Saat 19 30 da kalkmasi gereken tren 21 30 da kalkiyor, vagonlardan birinde sorun ciktigi icin.
Garson servise basliyor: Natalie, tamamen bir lady boy! ses tonuna inanamassiniz, benden ince, gece uyurken gelse yaniniza, kacarsiniz o derece iri bir yapiya sahip yandaki resimden anlasildigi uzere!
Didem her zamanki gibi bir sekilde uyuyabiliyor, karsimda ustte yatiyor, ama uyuma seklimizi gormeniz lazim: kafada kapusonlar, gozde uyku maskeleri, agiz ve burun fularlarla kapatilmis, tamamen birer gerillayiz! Saga dondum sola dondum olmadi ha bi de bocek gordum oldurdum yatakta hemde! Bocek lesiyle ayni yerde yatmayi hic dusunmemistim bu tatile cikarken. Ama herseyde bir hayir vardir diyerek uyumaya zorluyorum kendimi. Uyuyamiyorum. Tuvalete gidip sigara iciyim bari, yapacak sey yok, cok guzel ay var hem manzara seyrederim. Anin tadini cikariyim bari:o da ne!!! Tuvalet dedikleri sey raylara inen bir delik! Saatler var daha, ya gelirse ???? napariz??naparimmm??? dusunmek dahi istemiyorum...

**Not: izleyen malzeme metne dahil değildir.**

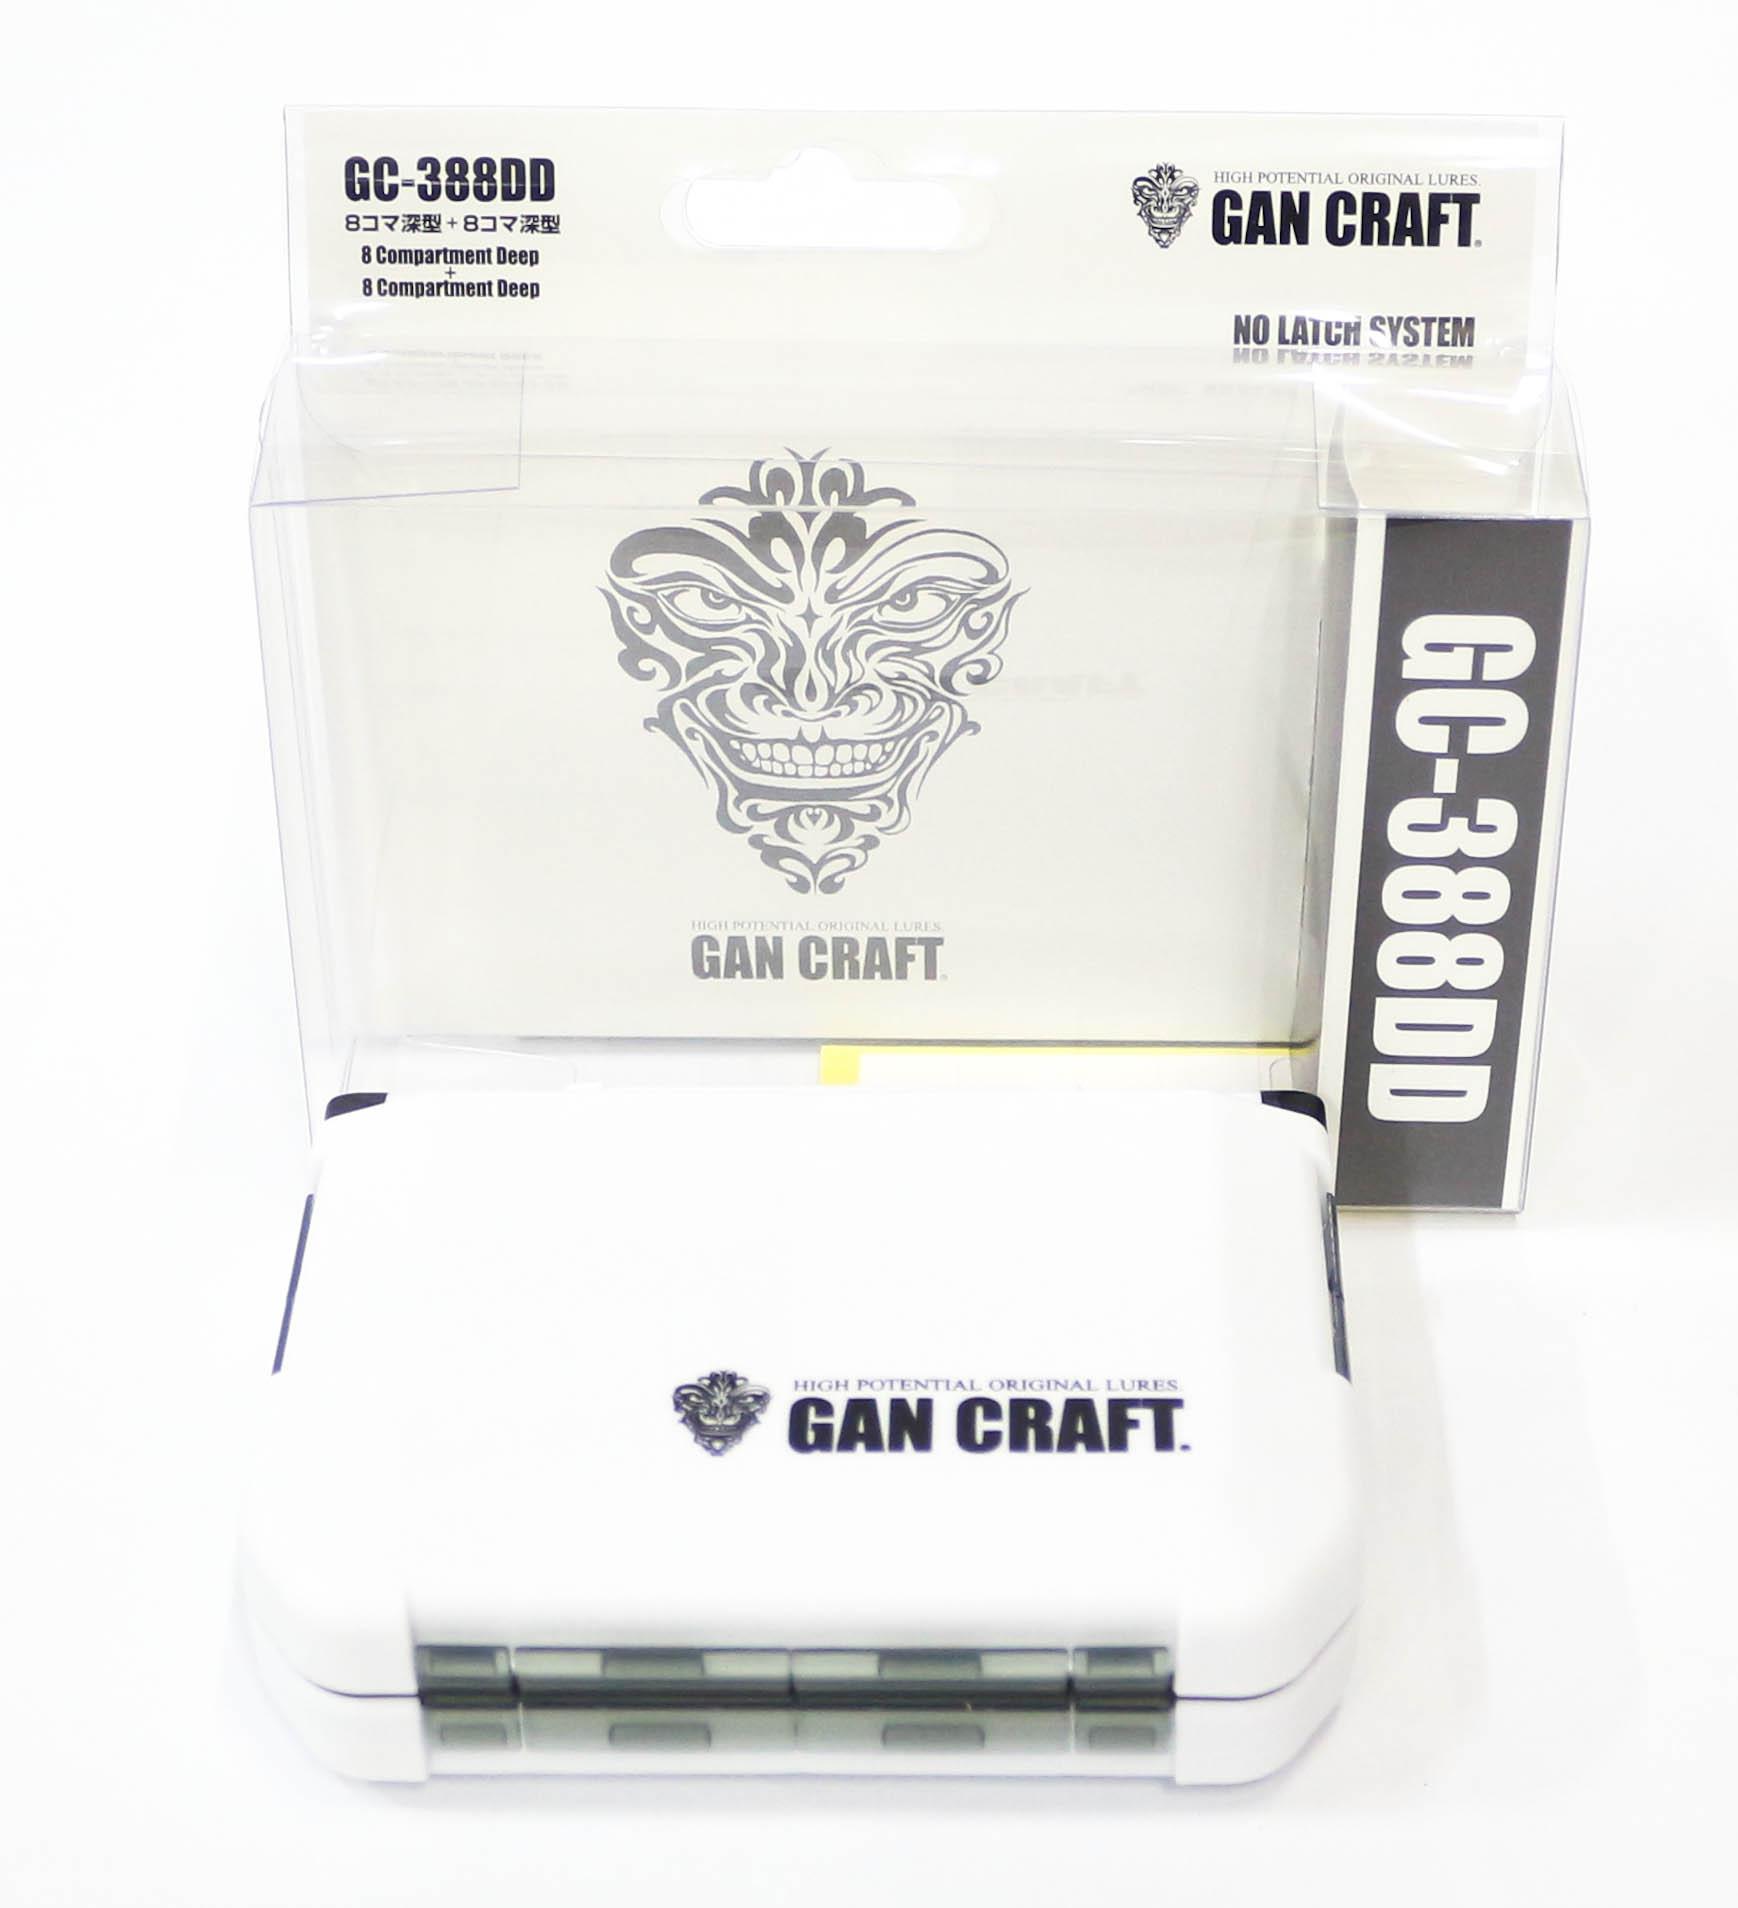 Gan Craft GC-388DD Tackle Lure Box Case 122 x 87 x 34 mm White (8915)
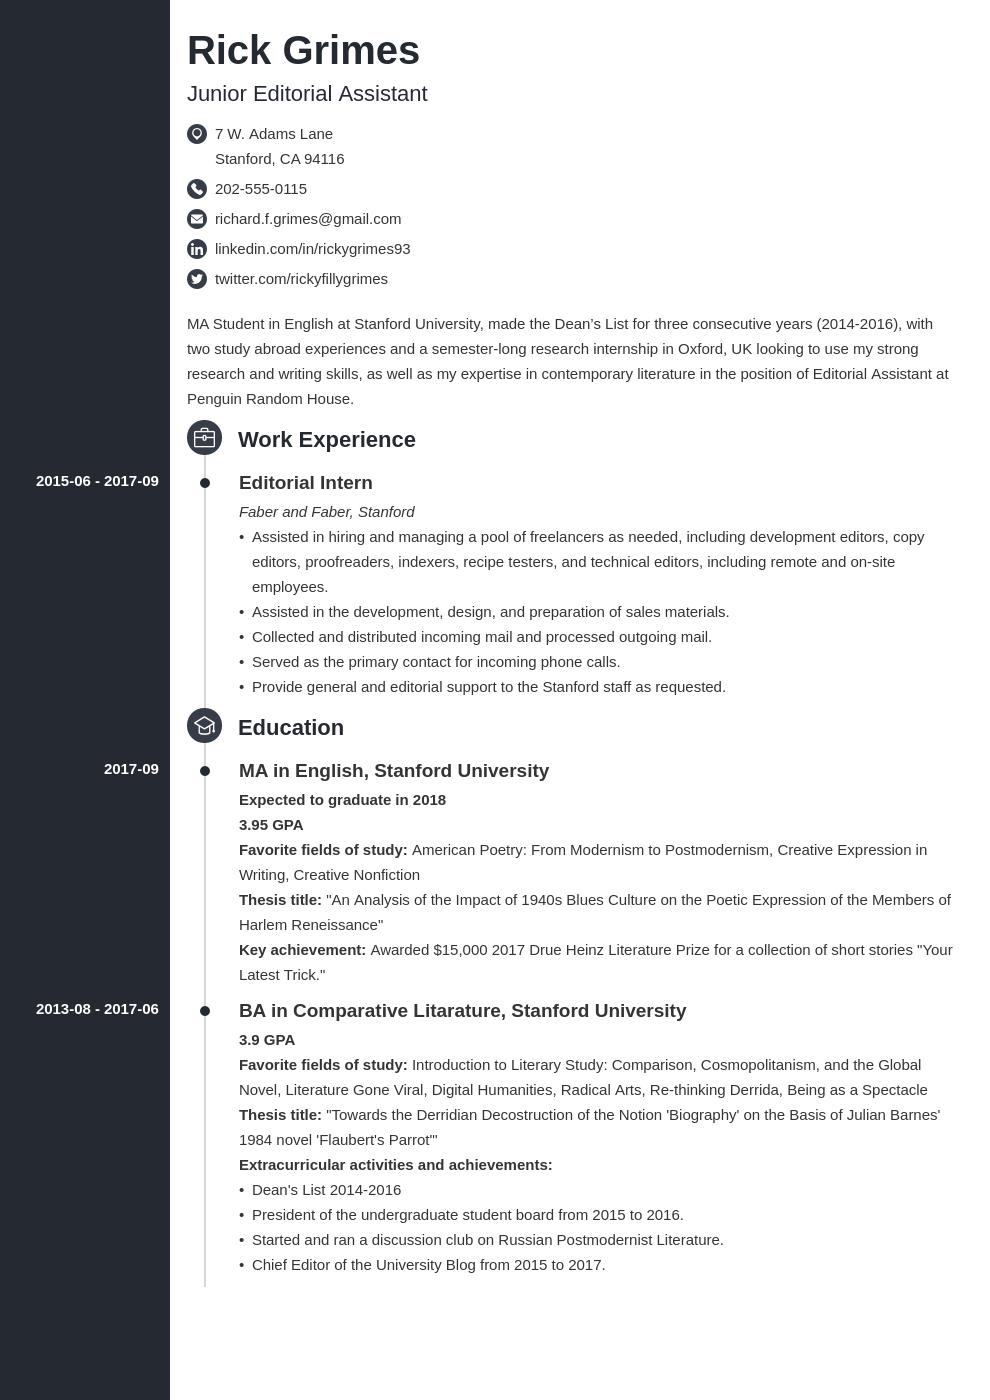 Graduate Student CV Example (Academic CV Template for

sigarami icip ay isiginda parlayan pirinc tarlalarini izliyorum korkuluklar ardindan. Enteresan bir andi, inanin asla gozumden gitmeyecek karelerden biri.
Tuvaletimin gelmemesini temenni ederek yataga tirmanip uyumaya calisma, o an en iyi arkadasim ipodum. Siziyorum... Sizdim.
Sabah saat tam 9da uyandim, hala yoldayiz ve bilinmez bir yerdeyiz.
Natalie dolanmaya baslamis, alttaki amca halen uyuyor. Ustum basim les, ustumu degistiriyorum bir sekilde, neyse ki thai pants var, rahat soyunuluyor vs. Gorevli geliyor yataklari toparliyor hoop asagidayiz. Masa takiyor. Oturduk, aha! Bocekler geri geldi.. Didem'in koltukta benim arkamda camda yanda sagda solda her yer hamambocegi, artik tepkisizim, Didem'de tepki vermemeye basladi, suratlar 5 karis kahvalti ediyoruz.
boceklerle de arkadas oldum onlari umursamadan oldugum yerde sizabiliyorum.
yolculuk 21 saat surdu, indigimizde her yerimiz agriyor ve kasiniyordu, kesin bitlendik diye dusunurken Manastirda buna yakin bir seyin bizi beklediginden haberdar diildik tabi!
Rehberimiz Chen bizi karsiladiginda en sevdikleri sozun : "Never trust Thai trains" oldugunu gec de olsa bize soylemis oldu... Donus tren biletimizi yakmaya o an karar verdik. Ucuz olsa bile yanan 2 bilet degil 1 bilet oldu :) parami geri aldim!
En iyi yol bildigin yoldur.
Yasasin Thai Airways!
Bu yorum bir blog yöneticisi tarafından silindi.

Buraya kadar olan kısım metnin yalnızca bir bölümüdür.